Forex scams actually became so prevalent in the 90's and early 2000's because of speculation on the Euro, which was a new currency at the time, that the US Commodities Futures Trading Commission was forced to put out a number of warnings about these scams.

Now let me first say Forex in itself isn't a scam, nor is the sale of the Iraqi Dinar. In a sense I suppose you can't even really call this a scam. If a consumer buys Dinar and receives authetic Dinar in the mail they got exactly what they paid for. The scam isn't so much the sale of this currency so much as it is the hyping and false information put out about the currency. Some dealers I see online actively engage in this type of hyping while others do not as there's really no need. Consumers are hyping themselves up and hyping up others as well on various message boards and forums such as Dinar Vets, Investors Iraq, and Iraqi Dinar Rumors just to name a few.

Just listen to all the radio commercials, banner ads and other materials for Forex. Forex markets are a legit thing, however there are hords of Forex scammers out there who spend their lives looking for suckers such as the gullible, uneducated, and elderly just to name a few of their targets. Oftentimes it's individuals in retirement or near retirement who'd other investments may not have panned out for one reason or another and who are looking to invest their money with promises of high and risk free returns. Now anyone with a brain knows high paying and no risk don't go together but greed and desperation often cause people to overlook that nice thing we call common sense. What is really happenning? The money is disapearing into foreign banks where the scammers put the funds for themselves.

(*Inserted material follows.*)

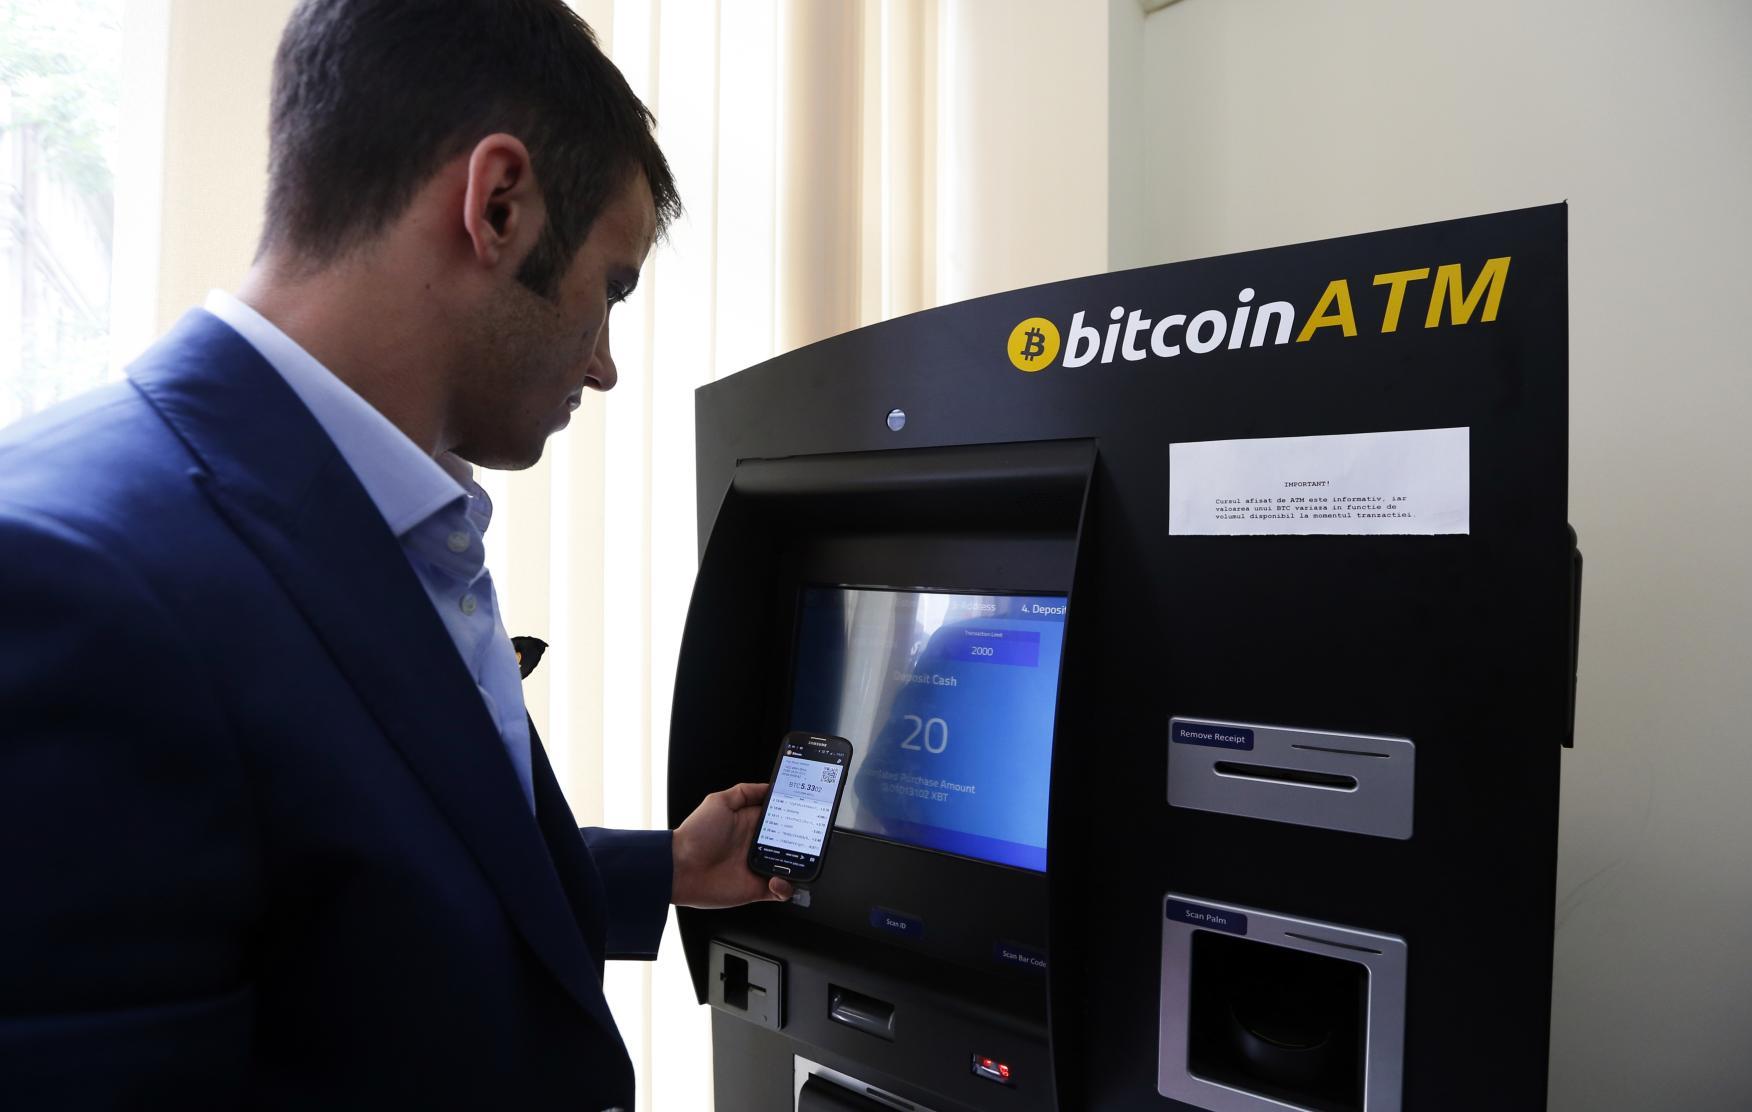 cursul btc 2021 depuneți la bitcoin

Generally these Forex scams don't even involve the purchase or tarding of foreign currencies, what it is, is simply scam artists running bonus earnings statements and printing them off on their home computers showing huge returns right up until the time they disappear with everyone's money. If someone for some reason wants to cash out on their returns early they simply rob Peter to pay Paul but why would someone want to get out when money is pouring in right, and that's just what causes these scams to go on as long as they do. It's not until people demand their money that the scam artist has problems.

Now as we said before, just buying Dinar in itself is not a scam, though most people do have innacurate expectations for what the Dinar will do and don't understand currency or currency markets. That said the real scams involve people being scammed in the Dinar industry, not simply buying Dinar. For example, many Dinar scams work in the same way as the Forex scams. You don't actually get any Dinars but instead get a statement showing that you have Dinars, or have Dinars on reserve or layaway or have some type of fake certificate of ownership.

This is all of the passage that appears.